The configuration-file that you provide on runing the pipeline determine where the pipline will look for and also store files. It will be neccesary to attach more storage to the instance, when using full size files. For this purpose the setting of these directories in the top if th config is handy. Alternatively symbolic links can be used to achieve the same. In order to learn how to attach storage to the instance EBS

###projects### In the projects-directory is found and example project, and this is where new projects can be created. Each project directory should, when starting the pipeline, contain a directory called /raw where uncompressed fastq-files are stored. These files should end with a ’#’ followed by the number of the cell, and an ”_” followed by 1/2 indicating forward/reverse strand for paired end reads. Thus, in a paired read experiment cell number 84 would have two files that could be called singleCell#84_1.fastq and singleCell#84_2.fastq

This can be comprised of a collection of symbolic links. Collecting and renaming of files depends on the naiming convention used by your sequencing facility, but some inspiration on some lines of code that could brung your about this task with numbering the cells quickly can be found in the (xxx), which must be altered to suit your filenames. We suggest not to rename the original files, in order to avoid loosing information or identity of the cells. The project-directory also contains your configuration file. Please copy this file from the example. Please inspect this file, and set all the directories in the top of the file.

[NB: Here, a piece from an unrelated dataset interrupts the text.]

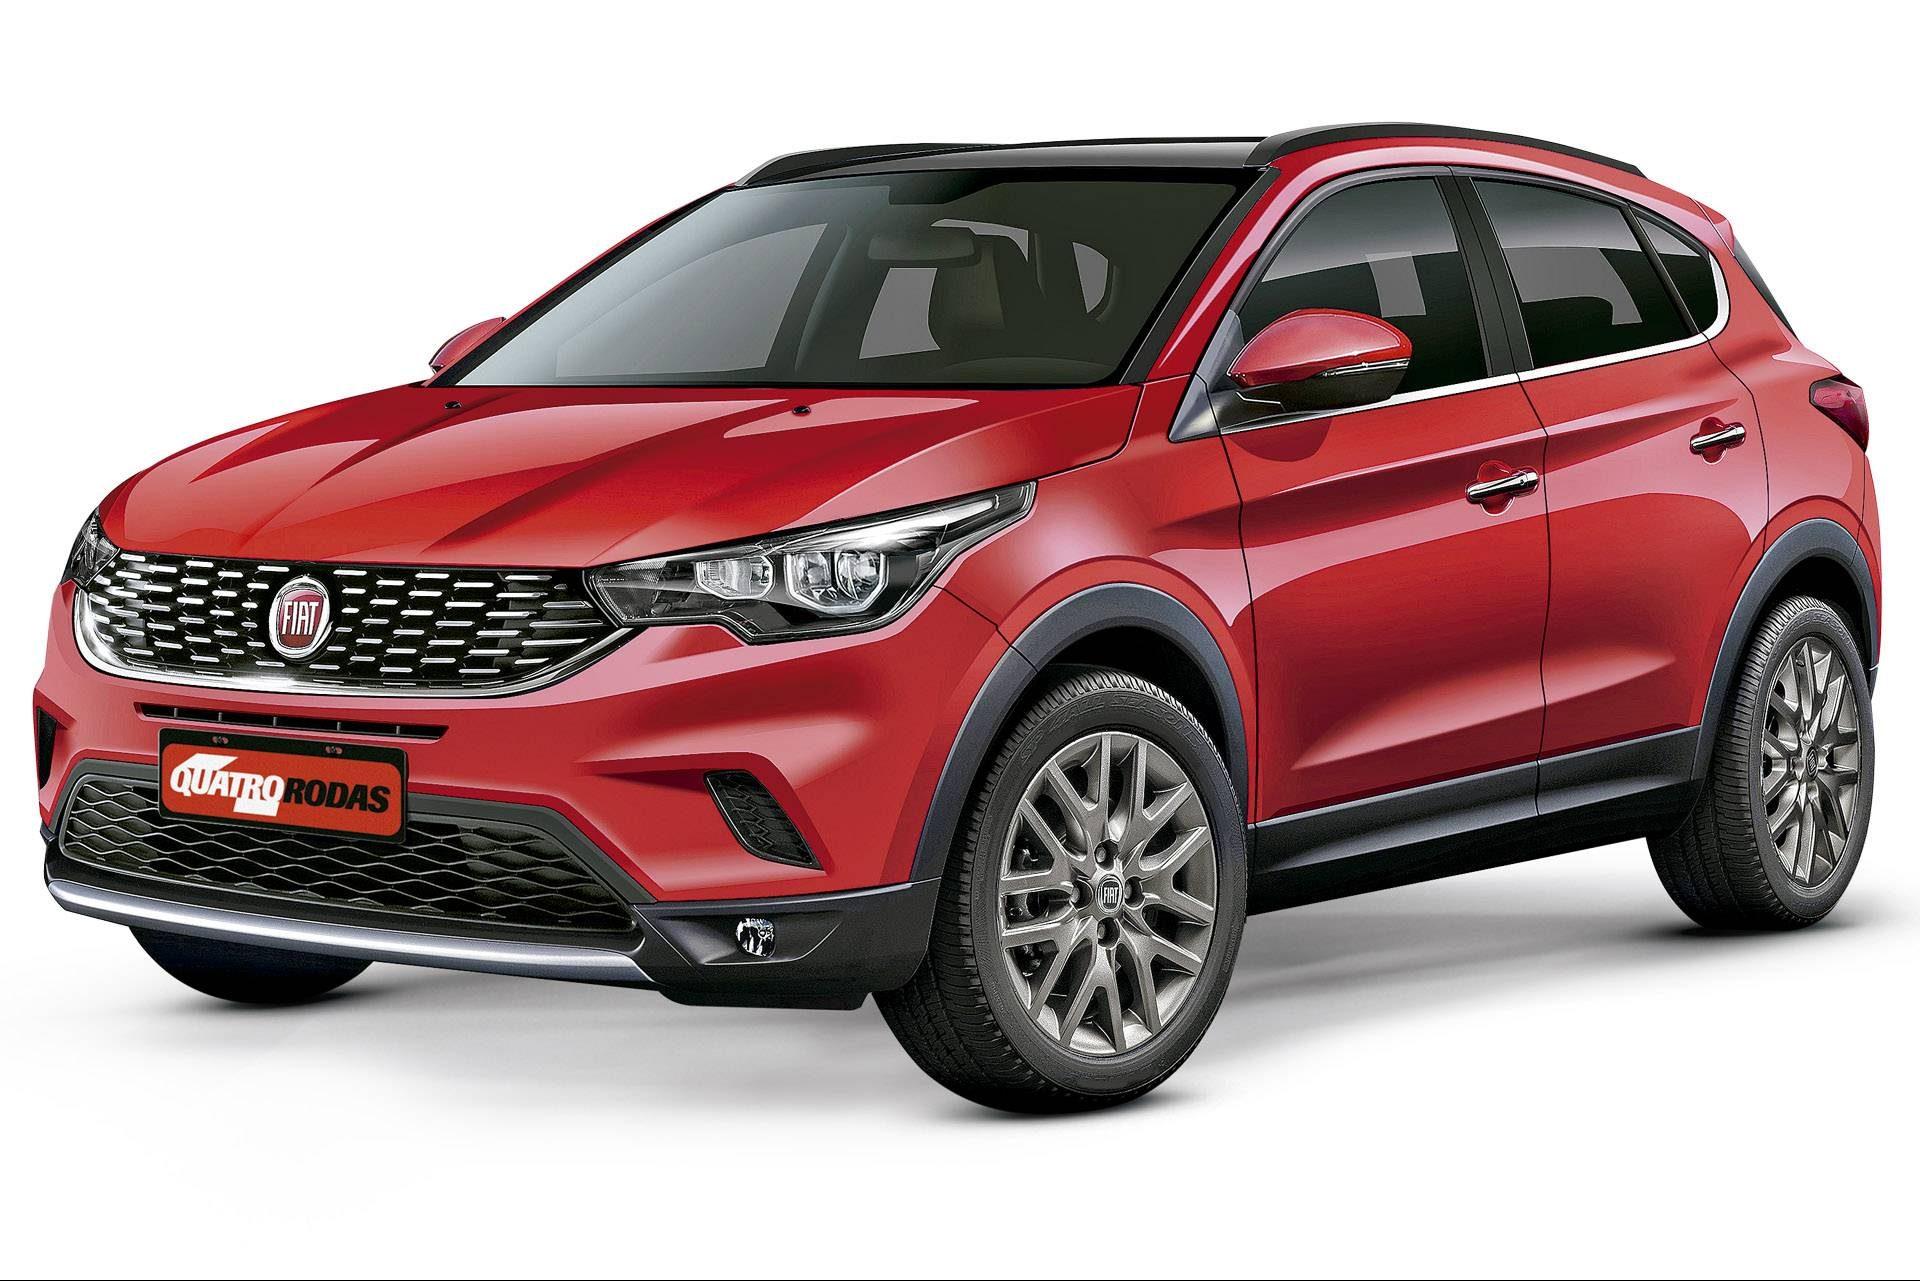 Os dois novos SUVs da Fiat feitos em Betim (MG) usarão plataforma do Argo

###tools Here are symbolic links the all the tools installed in the pipeline, to avoid a croveded bin.

###references Here, the reference genomes are stored. On the AMI fasta and gtf-files for the mouse genome is stored along with smaller files only containing chomosome 9,for testing. Here the index-files for the mappers will also be stored.

###temp This is the directory where temporary files are stored. This presently includes count-matices and statistics. This directory should be able to contain mapping and quantification output from all cells, and is better placed on a fast storage device with larger capacity (e.g. Amazon EBS), when running the pipeline on full size files. Many files in the temporary directory maybe deleted after run, for storage space considerations.

Processing your own data on Amazon

We suggest to run a files each with a few milion reads though though the pipeline first to test using the smallest possible instance type (t2.large).

When using your own data in the pipeline you will need more storage and will have to attach an EBS. We suggest to use burstable instances (t2) for making index and copying files and then later upgrade the instance to a larger one or a cluster of multiple. Please be aware that all other instances than t2 are charged per hour when running, regardless of whether the CPUs are working or not.